PROBLEM REQUIREMENTS – Starting at the line with "Las personas felices", return every line through the final one of the data, word for word. Pictures stay out.

RECORDED DATA –

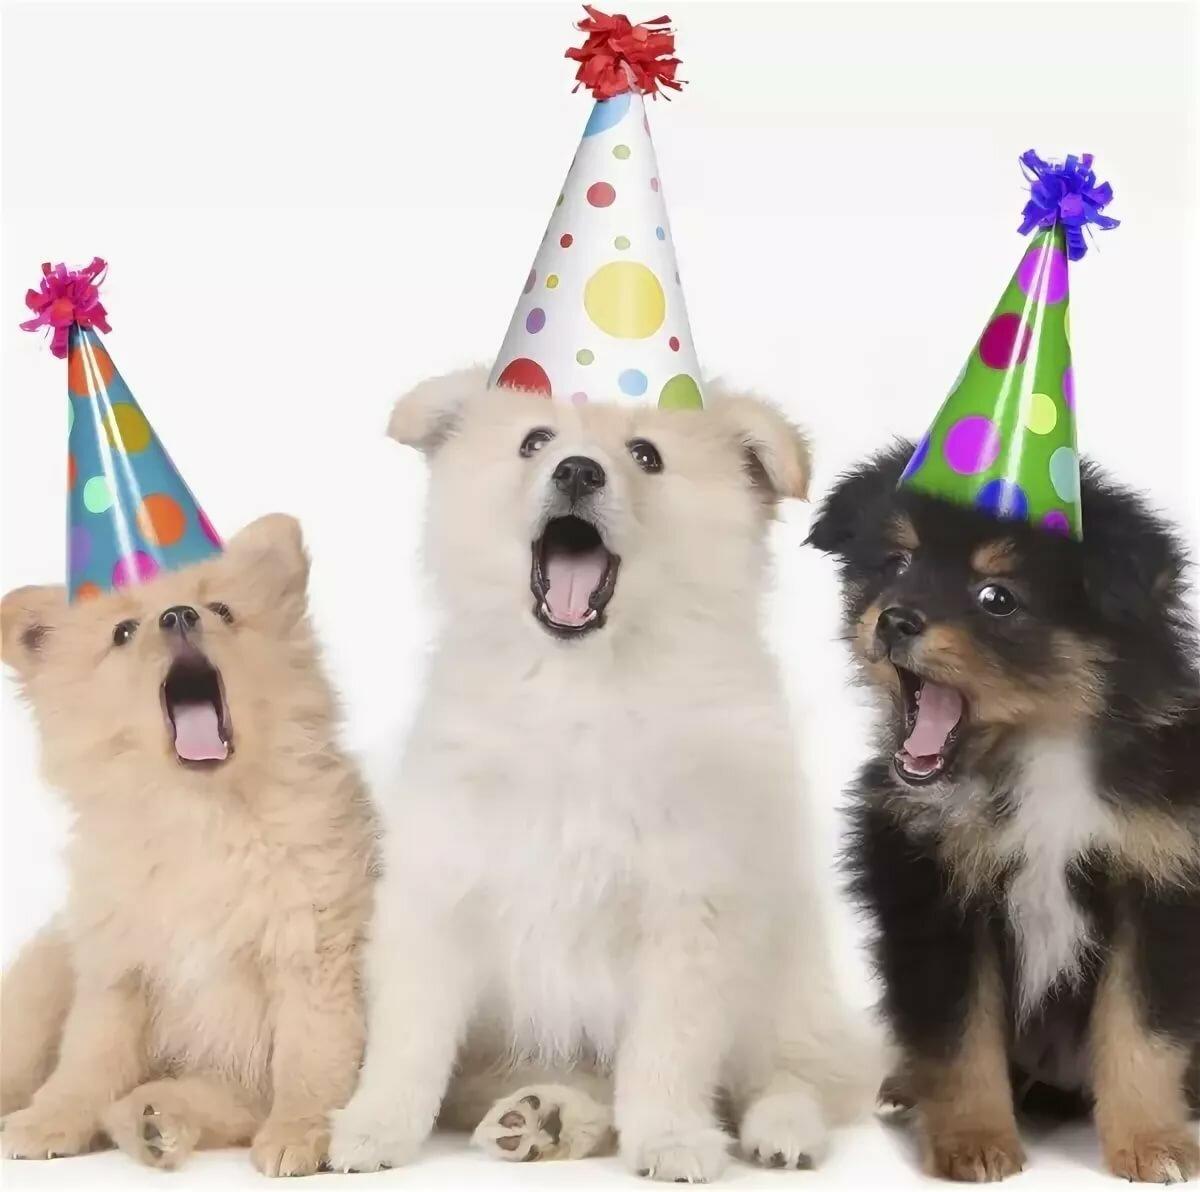 Поздравления с днем рождения собаки картинки, брату год
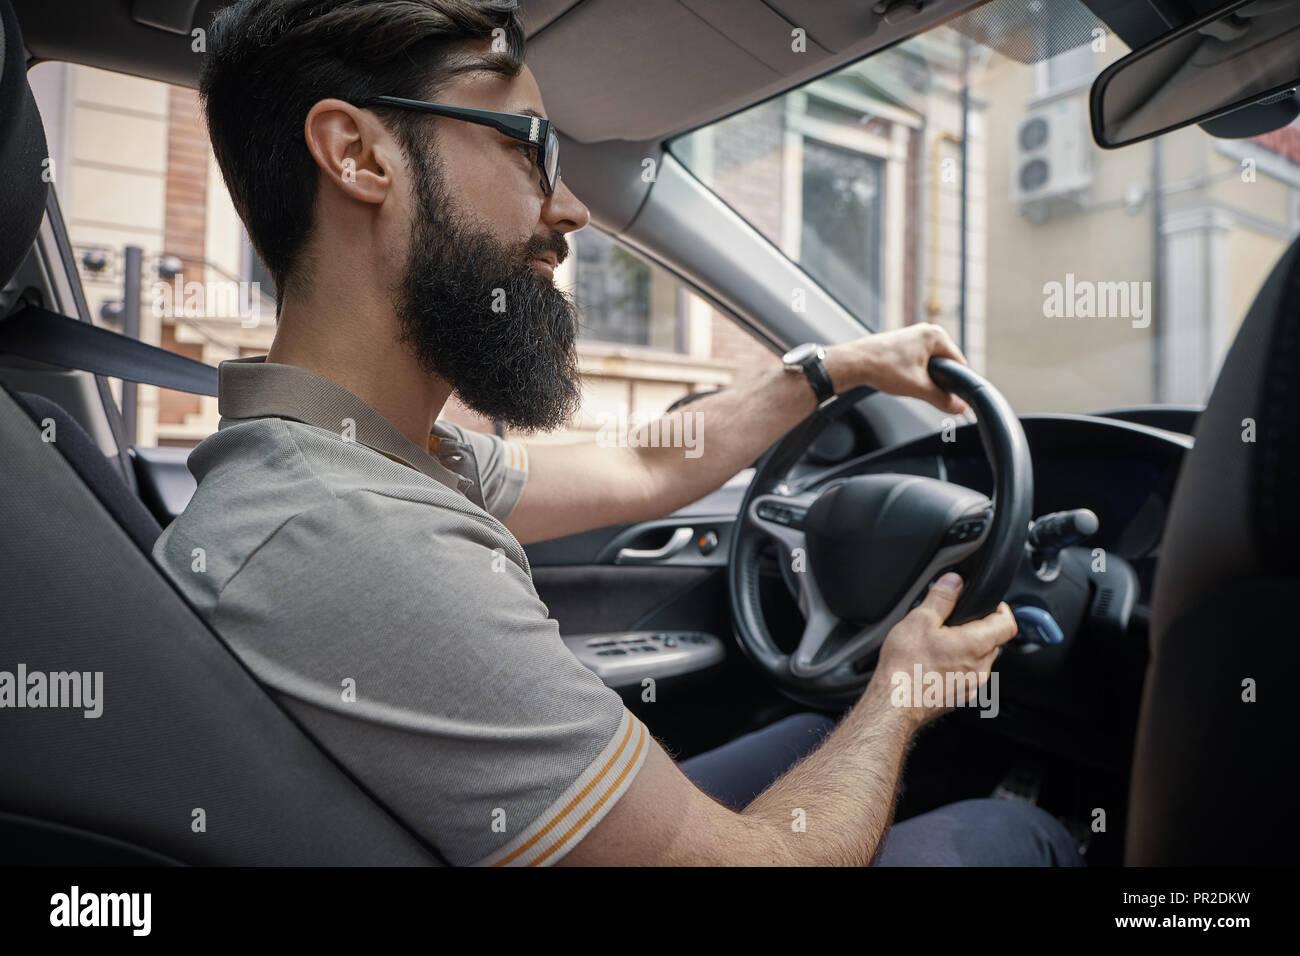 Las personas felices y caras de la ciudad de Concepción. Un hombre barbado positiva conduce su coche por la ciudad mientras sonríe. Disfrutando cada día momentos simples Imagen De Stock
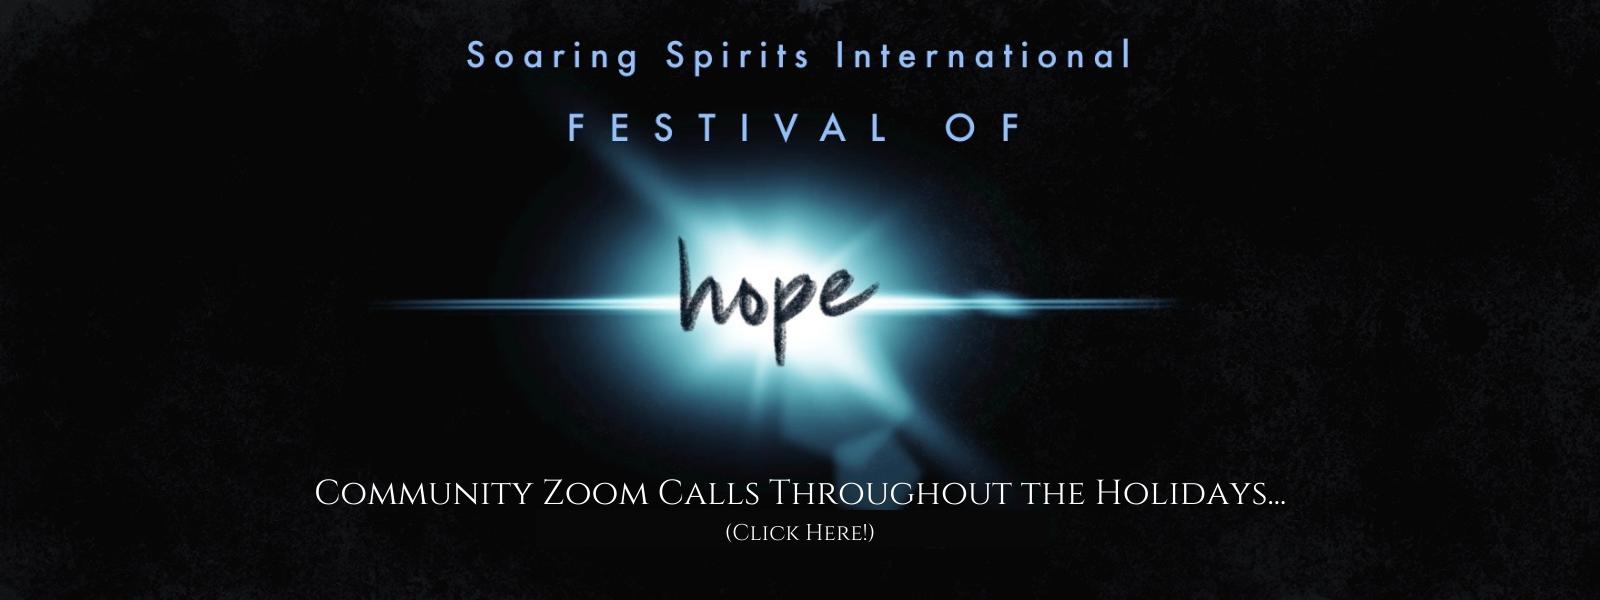 Festival of Hope 2021

PROBLEM SOLUTION –
 Las personas felices y caras de la ciudad de Concepción. Un hombre barbado positiva conduce su coche por la ciudad mientras sonríe. Disfrutando cada día momentos simples Imagen De Stock
 Festival of Hope 2021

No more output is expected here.